74 Benchmarking in C++
1. Benchmarking
Benchmarking here is not just a tool you use to benchmark your code; it's about how to correctly write C++ code if you want to measure its performance. There are multiple ways to measure the performance of C++ code, and here we only discuss the method used by Cherno.

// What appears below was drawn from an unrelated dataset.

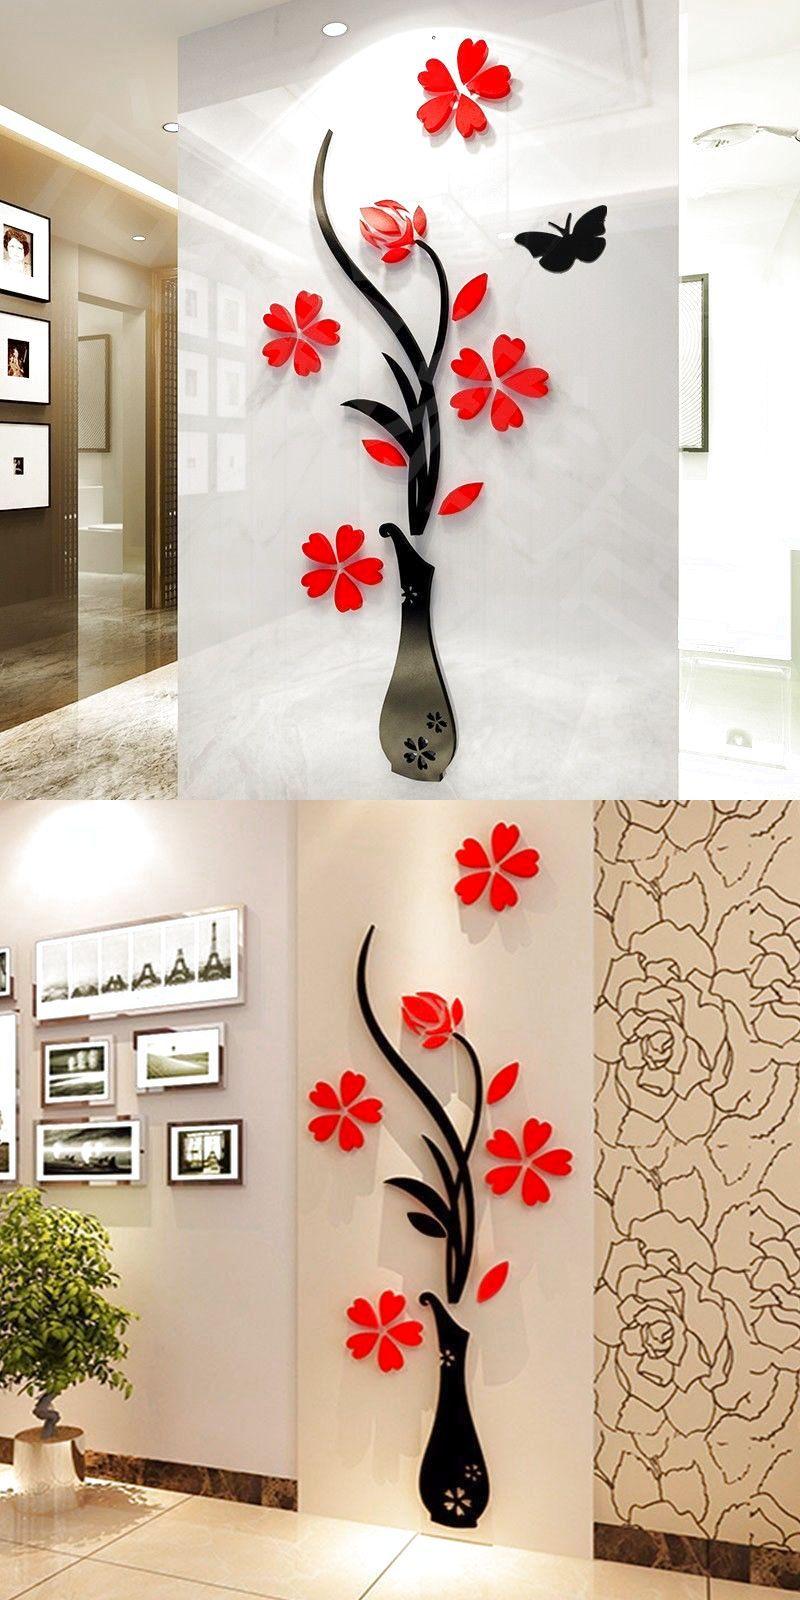 D flower diy beautiful mirror wall decals stickers art home room

First, let's write some code that we want to test:
int main()
{
int value = 0;
for (int i = 0; i < 1000000; i++)
value += 2;
std::cout << value << std::endl; // 2000000
__debugbreak(); // VS-specific syntax for breakpoints
}
Now, to analyze how fast our code is, we can create a simple scoped timer (refer to 63 Timing in C++):
#include <chrono>
class Timer
{
private:
std::chrono::time_point<std::chrono::high_resolution_clock> m_StartTimepoint;
public:
Timer()
{
m_StartTimepoint = std::chrono::high_resolution_clock::now();
}
~Timer()
{
Stop();
}
void Stop()
{
auto endTimepoint = std::chrono::high_resolution_clock::now();
auto start = std::chrono::time_point_cast<std::chrono::microseconds>(m_StartTimepoint).time_since_epoch().count();
auto end = std::chrono::time_point_cast<std::chrono::microseconds>(endTimepoint).time_since_epoch().count();
auto duration = end - start;
double ms = duration * 0.001;
std::cout << duration << "us (" << ms << "ms)\n";
}
};
int main()
{
int value = 0; // Moved outside the scope to ensure it can be printed
{
Timer timer;
for (int i = 0; i < 1000000; i++)
value += 2;
}
std::cout << value << std::endl;
__debugbreak();
}
Output of the timer:
It's important to ensure that what you're measuring is actually the compiled code, because in Release mode, the compiler optimizes the assembly instructions. In this example, it only records the time needed to print the variable 1E8480h (two million) (since the print is outside the scope, it even counts nothing):
Instead of the time you want to measure for adding a million times:
2. Performance Comparison of Smart Pointers
int main()
{
struct Vector2
{
float x, y;
};
std::cout << "Make Shared\n";
{
std::array < std::shared_ptr<Vector2>, 1000> sharedPtrs;
Timer timer; // Not counting the time to create the array
for (int i = 0; i < sharedPtrs.size(); i++)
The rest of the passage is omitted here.